Problem description.
An exact transcription of the listing, without its images, is what the answer must contain.

Data shown.
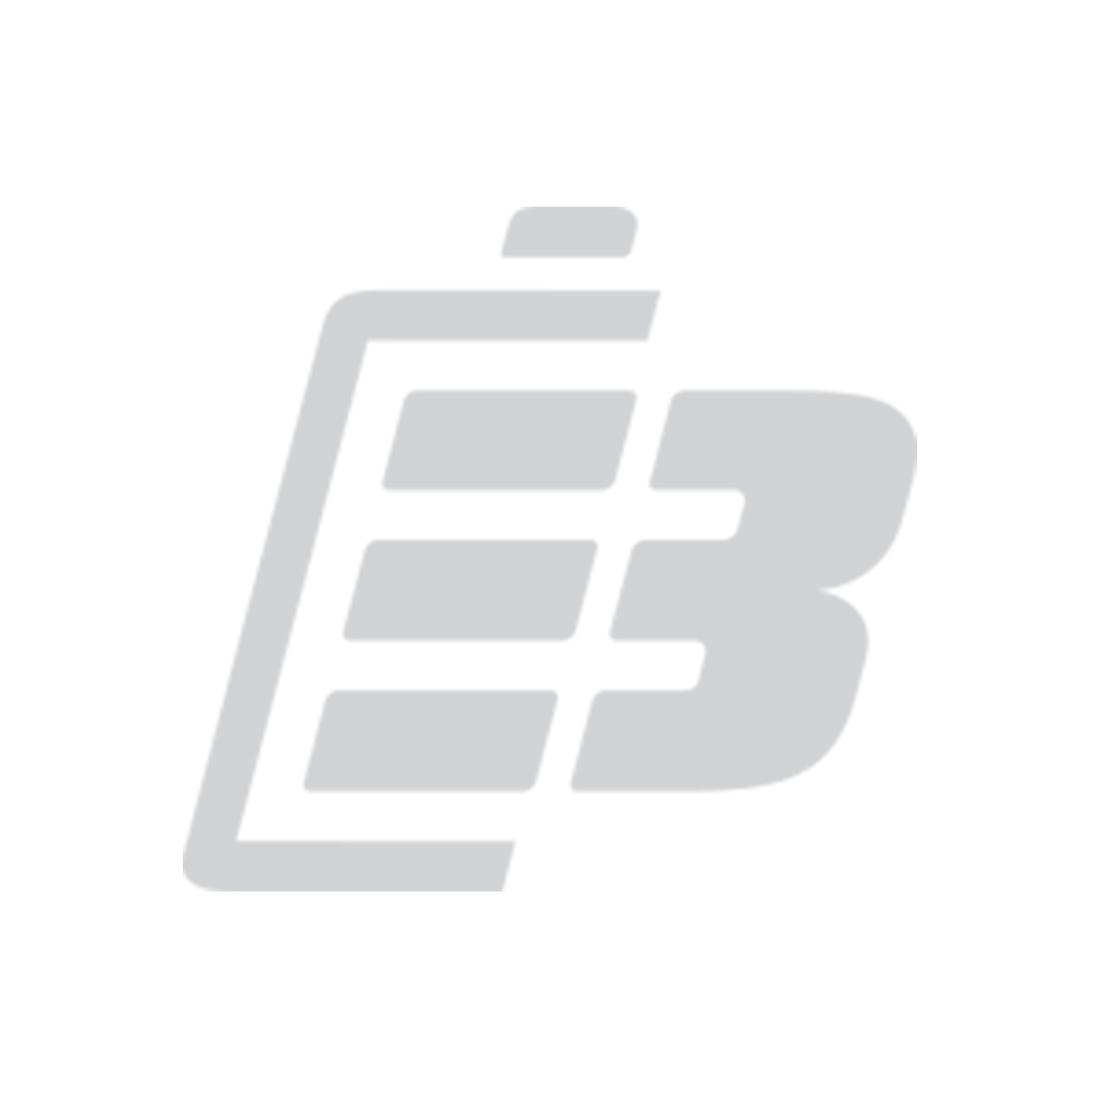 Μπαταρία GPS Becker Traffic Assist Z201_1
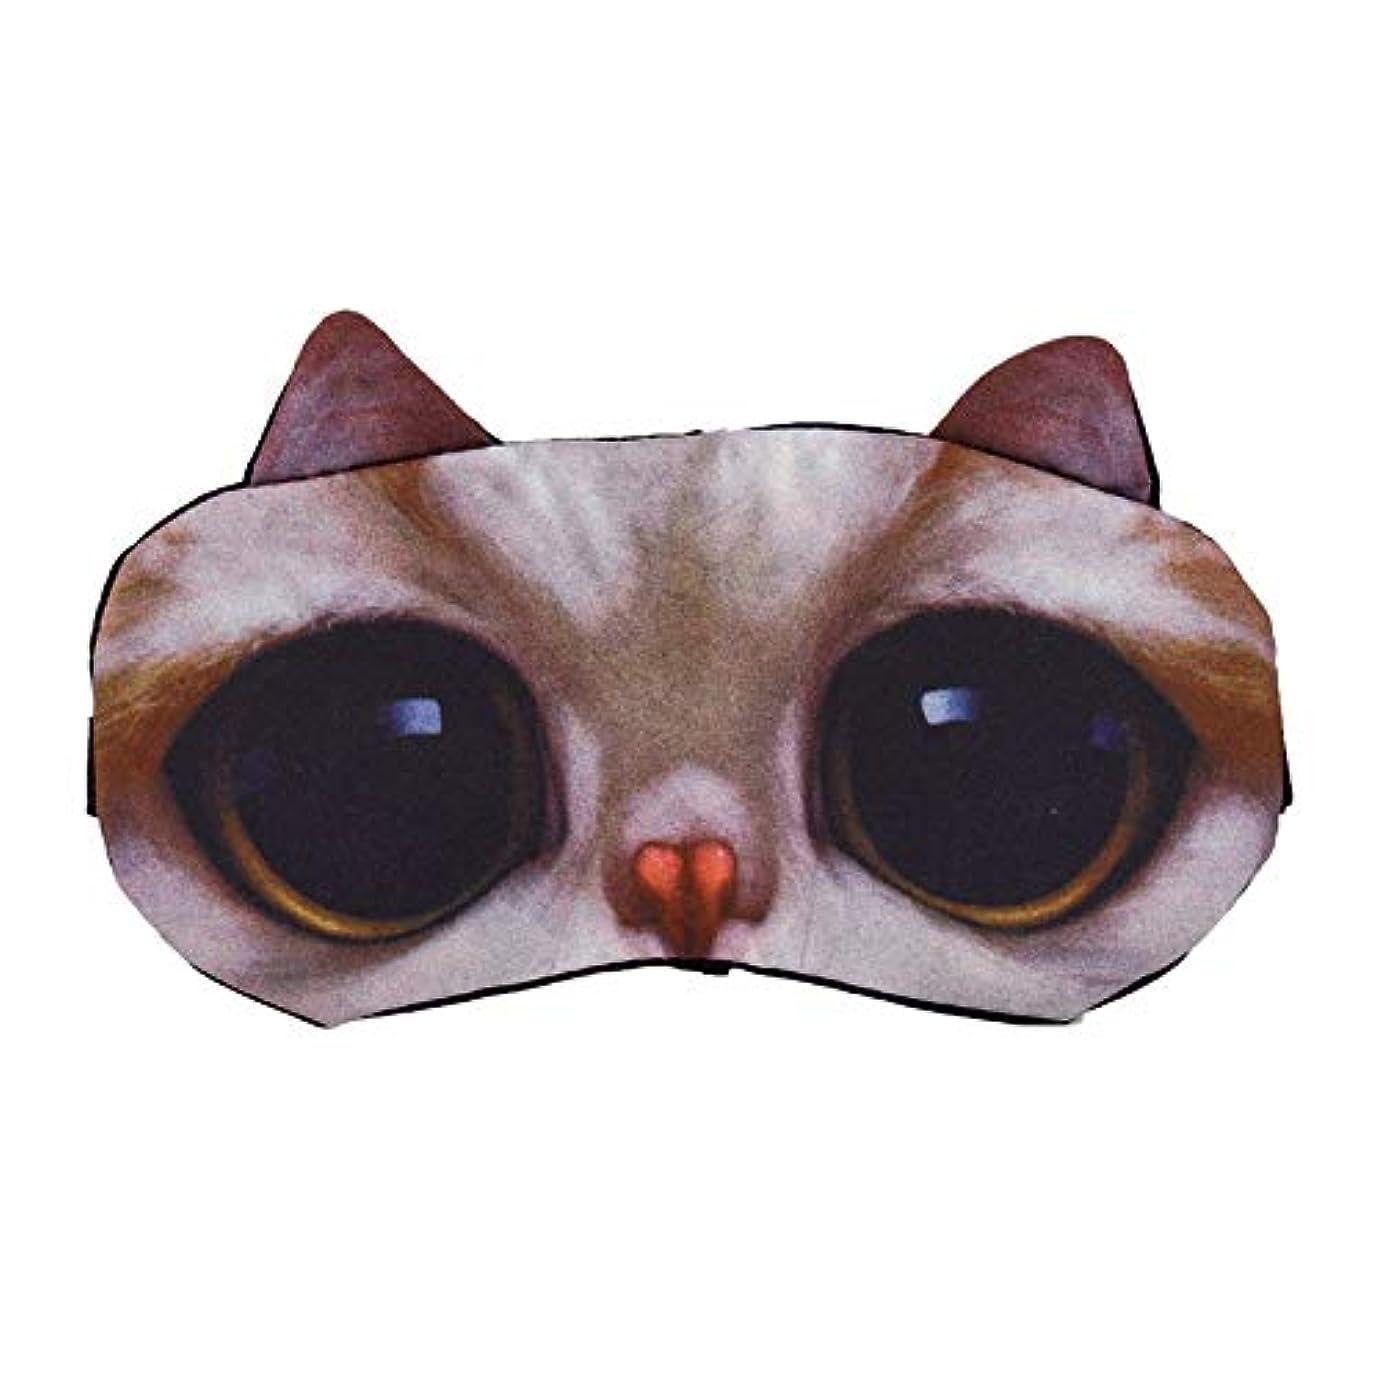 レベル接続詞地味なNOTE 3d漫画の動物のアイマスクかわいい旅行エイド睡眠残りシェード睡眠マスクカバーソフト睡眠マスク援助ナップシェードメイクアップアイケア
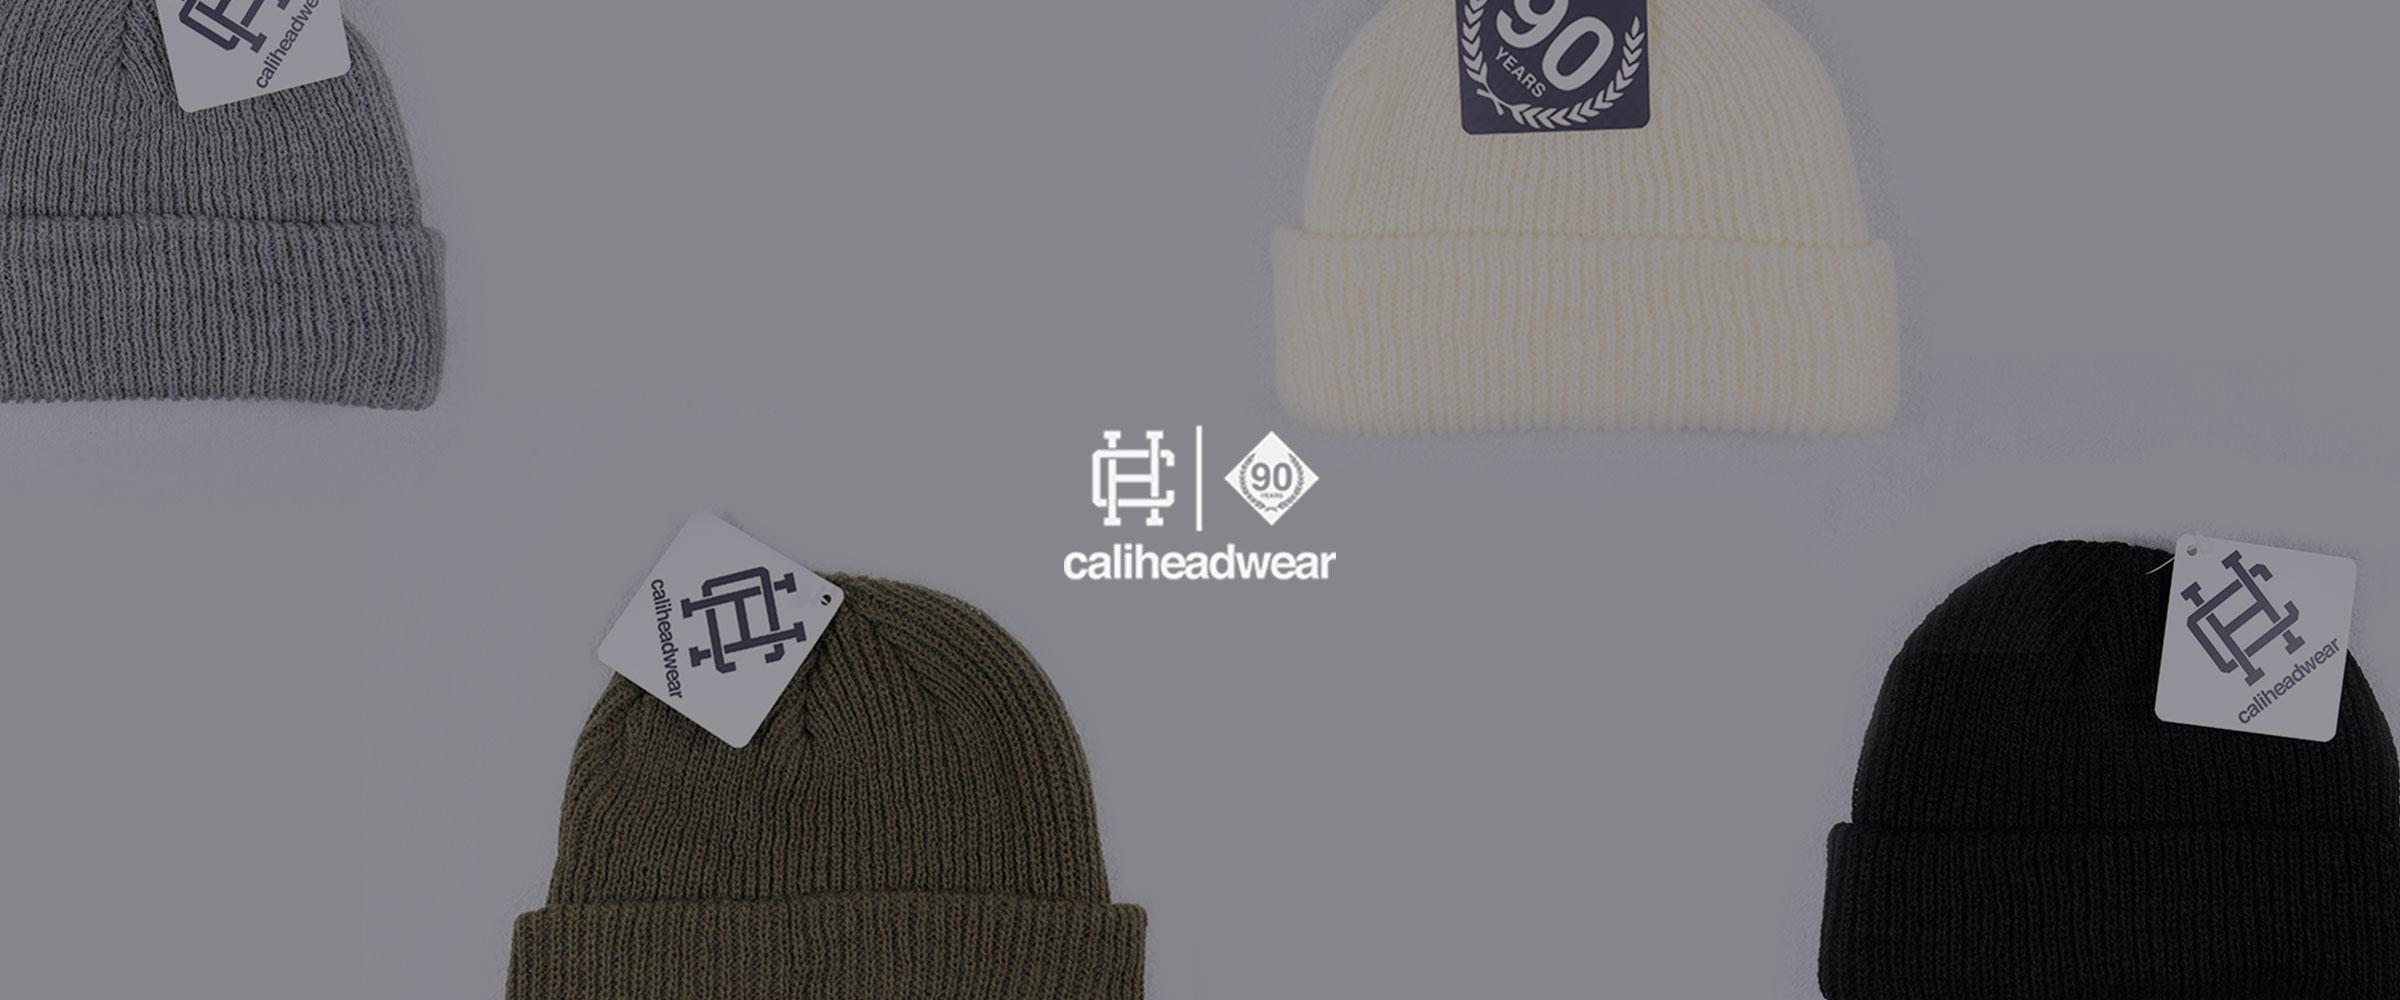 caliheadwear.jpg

Exercise output.
 Μπαταρία GPS Becker Traffic Assist Z201_1
 レベル接続詞地味なNOTE 3d漫画の動物のアイマスクかわいい旅行エイド睡眠残りシェード睡眠マスクカバーソフト睡眠マスク援助ナップシェードメイクアップアイケア
 caliheadwear.jpg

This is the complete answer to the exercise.